So here are some other reviews:

God's Not Dead:
http://lutheranconfessions.blogspot.com/2014/03/god-is-dead-but-can-we-talk-about-him.html

http://www.psychologytoday.com/blog/logical-take/201403/god-s-not-dead-neither-is-philosophy?quicktabs_5=0


Noah:
http://lutheranconfessions.blogspot.com/2014/03/watching-noah.html

http://sojo.net/blogs/2014/03/27/noah-deeply-passionately-biblical

http://theunexpectedpastor.wordpress.com/2014/03/31/noah-the-film-a-rant-a-review-and-a-recommendation/

http://biblestudyandthechristianlife.com/noah-review-a-theological-void-washes-away-the-heaviness-of-the-flood/

http://insidenancysnoodle.blogspot.com/2014/03/noah-what-i-liked-what-i-didnt.html

Saturday, March 29, 2014

Reflections from the Pastor on John 9

Read the text here: John 9

Defined by our Weakness
Throughout Lent we have focused on relationship – our relationships with God and with each other.  These relationships are central to our lives.  No matter how much we want to believe that we don’t need anyone else and that we can do it on our own, this is simply not true.  We need God and we need others.  We were created to be in relationship with God and others and in Baptism we are given the gift of community. The brokenness of our relationships is created by our self-centeredness, our false self of individualism. But God strives to restore these relationships for us.  Ultimately through Jesus, God is constantly at work healing and restoring the brokenness in our lives.
Throughout Lent we have focused on the central stories in the Gospel of John. So far we have met Nicodemus and the Woman and the Well, both of whom do not believe they are lost or broken, but through Jesus begin not only to see the possibility of being restored to relationship, but (at least in the case of the woman) embrace this immediately.  In both of these stories we see how our own self-perception and our preconceptions can get in the way of Jesus reaching out to us.  Today we meet the man born blind and in this healing story we see how Jesus restores this man to relationship with God, but also how hard it is to overcome how we are defined by others and how we define ourselves.
One of the things that has always struck me about this story is how after he is healed instead of celebrating, many of his “friends” and acquaintances do not even recognize him.  Indeed, after all of these centuries even we continue to refer to this man as “the man born blind.”  This man is identified by his weakness, by his disability.  And those who knew him cannot even recognize him without it.  They think it might be him, it kind of looks like him. But they can’t be sure because now that the disability, the blindness is healed. They simply don’t know who this guy is anymore.  Even his parents aren’t sure what to say.
I’m not sure that this is all that peculiar.  “How often, I wonder, do we define those around us in terms of their shortcomings, challenges, or perceived deficits. That woman is unemployed, we may say, or this man is divorced. She’s a single mom; he’s a high school dropout. He’s a failure; she’s an alcoholic. She has cancer. He’s depressed.  Nor is this practice limited to others. We often do the same to ourselves, allowing past setbacks, disappointments, or failures to shape how we see ourselves. We seem to have such a penchant for defining others -- and ourselves -- in terms of problems rather than possibilities that we aren’t sure what to do when the situation changes.
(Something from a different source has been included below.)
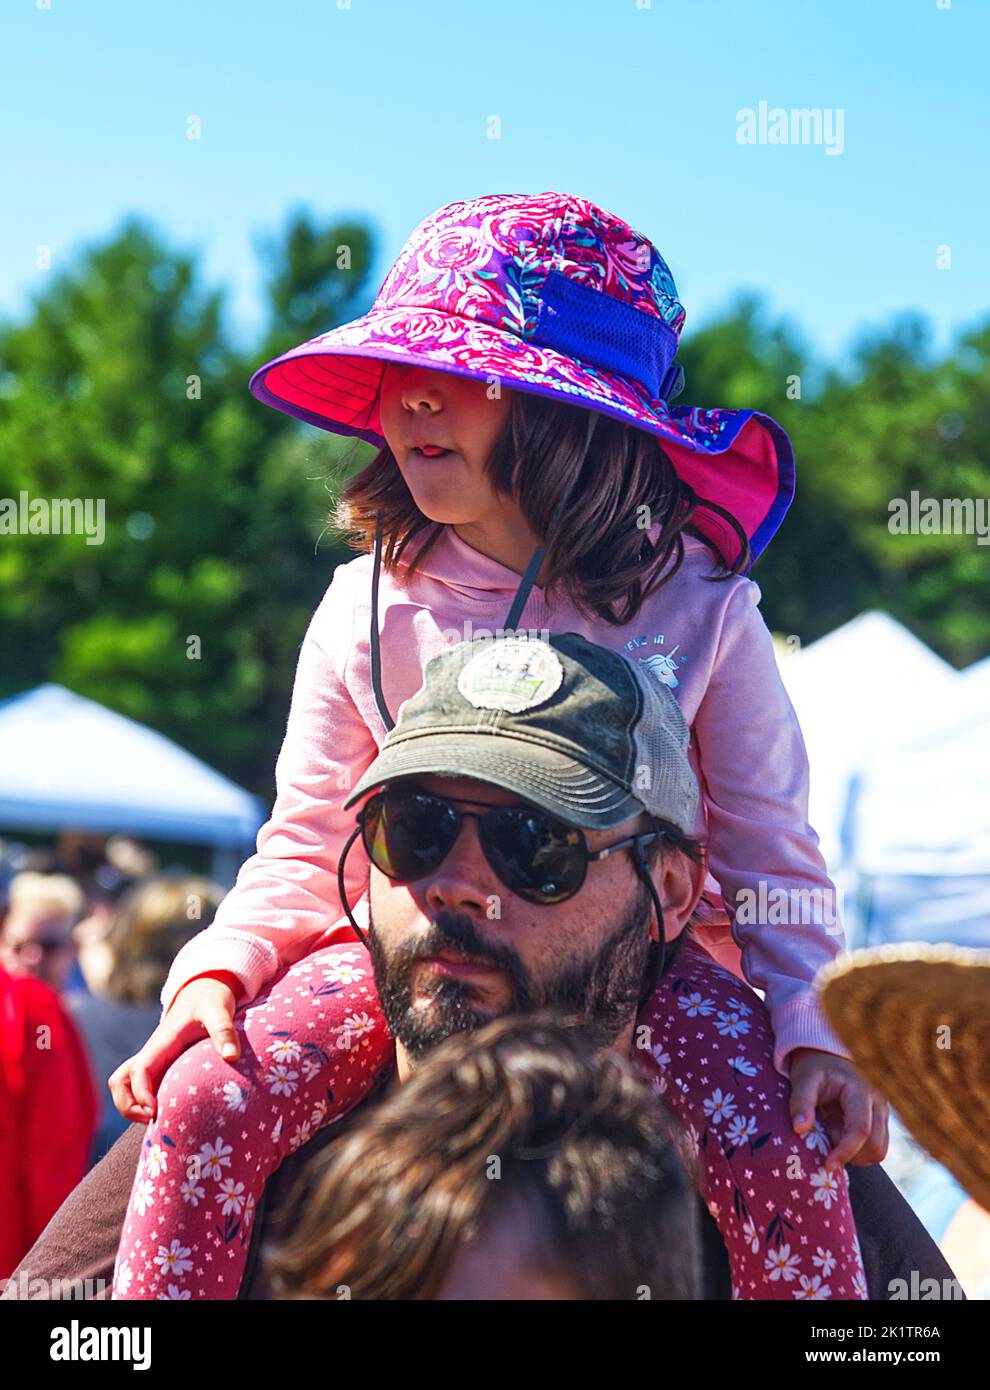 A young girl on her father's shoulders at the annual Cranberry Festival in Harwich, Massachusetts on Cape Cod, USA Stock Photo

And so the friends of the man born blind have defined him -- and even their relationships with him -- so fully in terms of his disability that they can’t recognize him when he regains his sight.”
By the end of the story this man who has had sight restored and who has been healed is expelled from the synagogue.  He is cut off from his family and community completely.  Why, because those around him refuse to see beyond his blindness and for them, without the blindness this man no longer has an identity.  And what about us?  How often do we struggle with this exact same issue?  How often are we more like the family and friends or the authorities in this story – defining a human being by something external, or something in that person’s past, or a failing or a disability and refusing to see the gift of the whole and restored person within?
In Baptism, God, through Christ claims us as God’s own child, we are given the gift of the Holy Spirit and the gift of the name of Christ.  In baptism we are given the gift of wholeness and the promise that no matter what God will always work to restore us to that wholeness.  No matter where we wander, what our troubles and mistakes, no matter our preconceptions and prejudices and those of others around us, no matter how hostile we get towards God – God loves and accepts us for who we are anyway - unconditionally.  And at the same time God calls upon us to open our hearts to others around us.  And to begin to work to see others not as “them,” or “those people,” “or that failure,” but as fellow Children of God who are also called and beloved by God and with whom called has called us to be in community.

Monday, March 24, 2014

A Pastor at the Movies - Reflections of the current crop of (so-called) "Christian" movies.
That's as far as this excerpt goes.